Он стремительно вышел из шатра, оставив князя наедине со своим советником.
– Ну что, браниться будем или миром разойдёмся? – не скрывая своего презрения и обиды, промолвил Улавчий.
– Попробуем...
Советник недоумённо изогнул брови, не понимая, что имел в виду князь.
– Попробуем не браниться.
Александр всю обратную дорогу размышлял над странным пророчеством Ахмата, веря и в то же время не веря его словам. Не понимал он и другого: нежданной заботы, проявленной к нему оракулом. Это внушало тревогу. Но вскоре княжеские дела заставили Ярославича позабыть обо всём. Нагрянули ордынские переписцы, исполняющие волю хана и Улавчия. Во Владимире, Суздале, Переяславле, Москве, Муроме и других срединных городах перепись прошла без ссор и брани. Многие прятали третьих сынов, вдовые быстро женились, лишь бы не отправляться в Орду. Дружинники князя тут сработали скоро, сумев оповестить всех. А те, кто не успел обзавестись семьёй да нищие, попрятались на время в лесу. Пока составлялись списки, князь решил пленных не выкупать, чтобы потом спрятать их от ордынцев.

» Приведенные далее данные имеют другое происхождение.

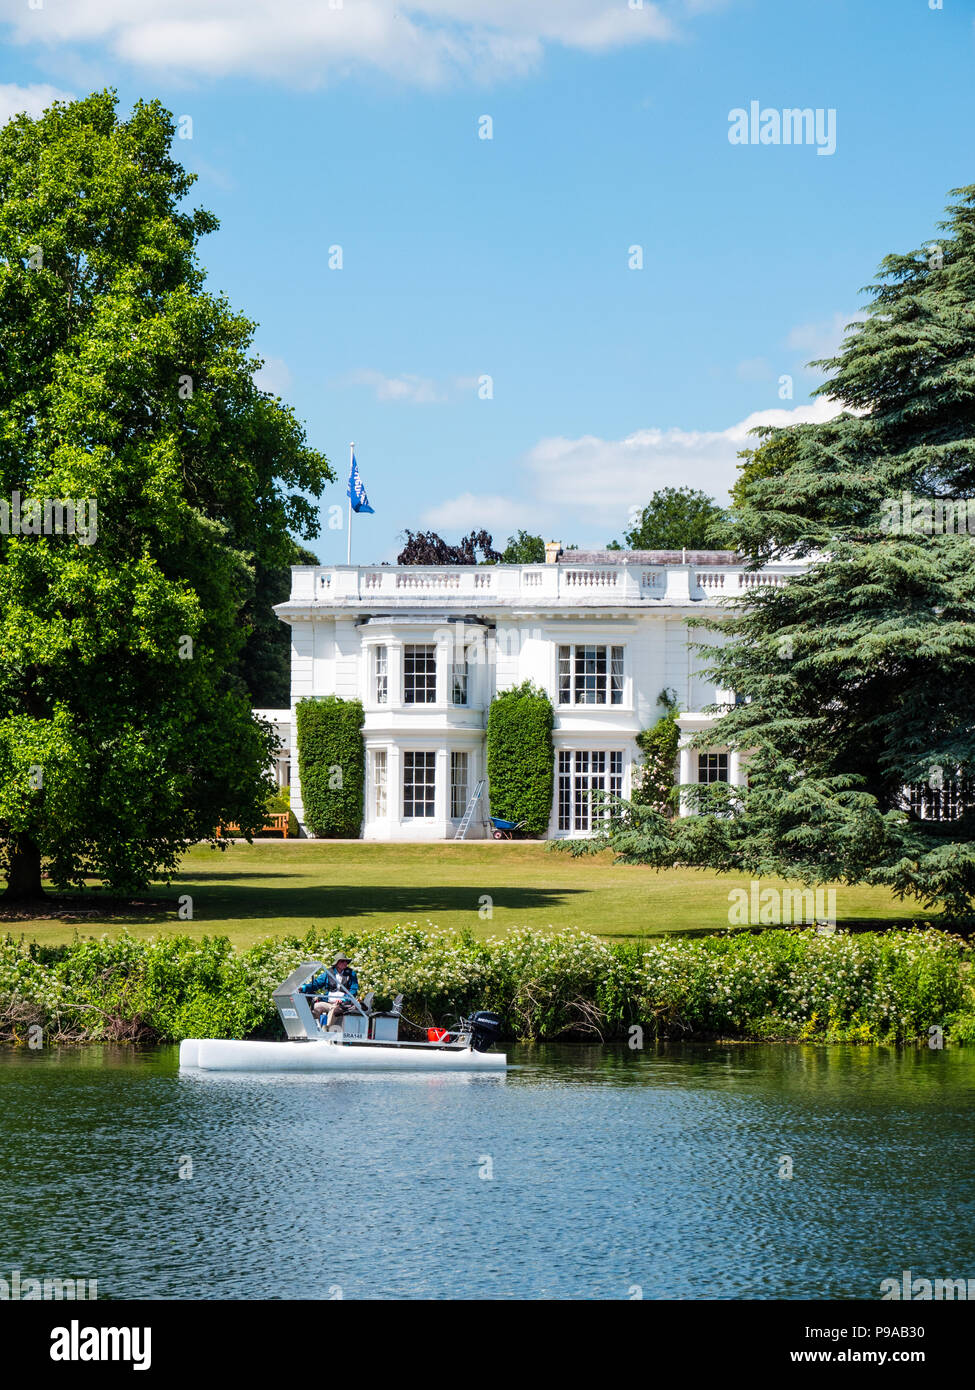 Henley Business School, Greenlands Campus, Henley on Thames, Oxfordshire, England, UK, GB. Stockfoto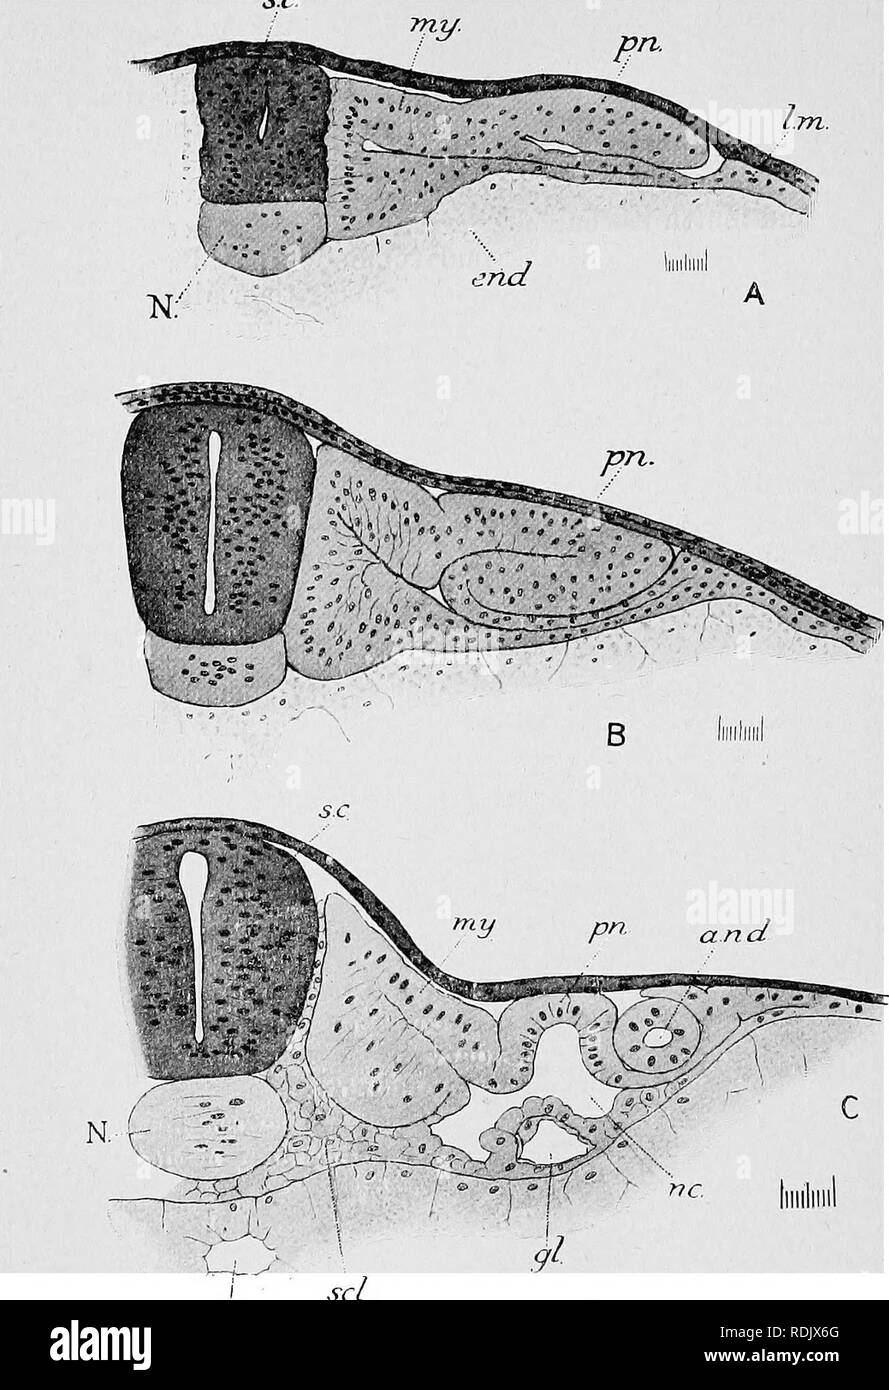 . Text-book of embryology. Embryology. 232 EMBRYOLOGY OF THE LOWER VERTEBRATES ch. it is only when nephrocoeles begin to appear (in the regions of the sc mi/. pn.. ent. Fig. 129.—Development of the pronephros in Lepidosiren as shown in transverse sections. A, stage 21; B, stage 21; C, stage 24 + . a.n.d, archinephric duct; end, endoderm; ent, enteric cavity ; gl, glomerulus ; l.m, lateral mesoderm ; myj myotome ; N, notochord ; nc, nephrocoele ; pw proDephric tubule ; s.c, spinal cord ; sel, sclerotome. fifth and sixth segments) that the segmented nature of the rudiment. Please note that these Stock Photo

«Околицей прямо не ездят, – посмеивался лапотный люд, объегоривая писцов да ясачных сборщиков, – а гумна – не столбовая дорога!»
– Зря ты себе в Орде душу рвал с этим Улавчием, – успокаивал князя Шешуня. – Наш народ сам себя защитить горазд. Не можем в поле, так надуем вволю! Только б новгородская вольница наша не заартачилась.
Князь сам поехал в Новгород, сопровождая татарских переписцев, надеясь, что его появление остудит горячие головы. Однако первая же встреча с сыном переросла в брань.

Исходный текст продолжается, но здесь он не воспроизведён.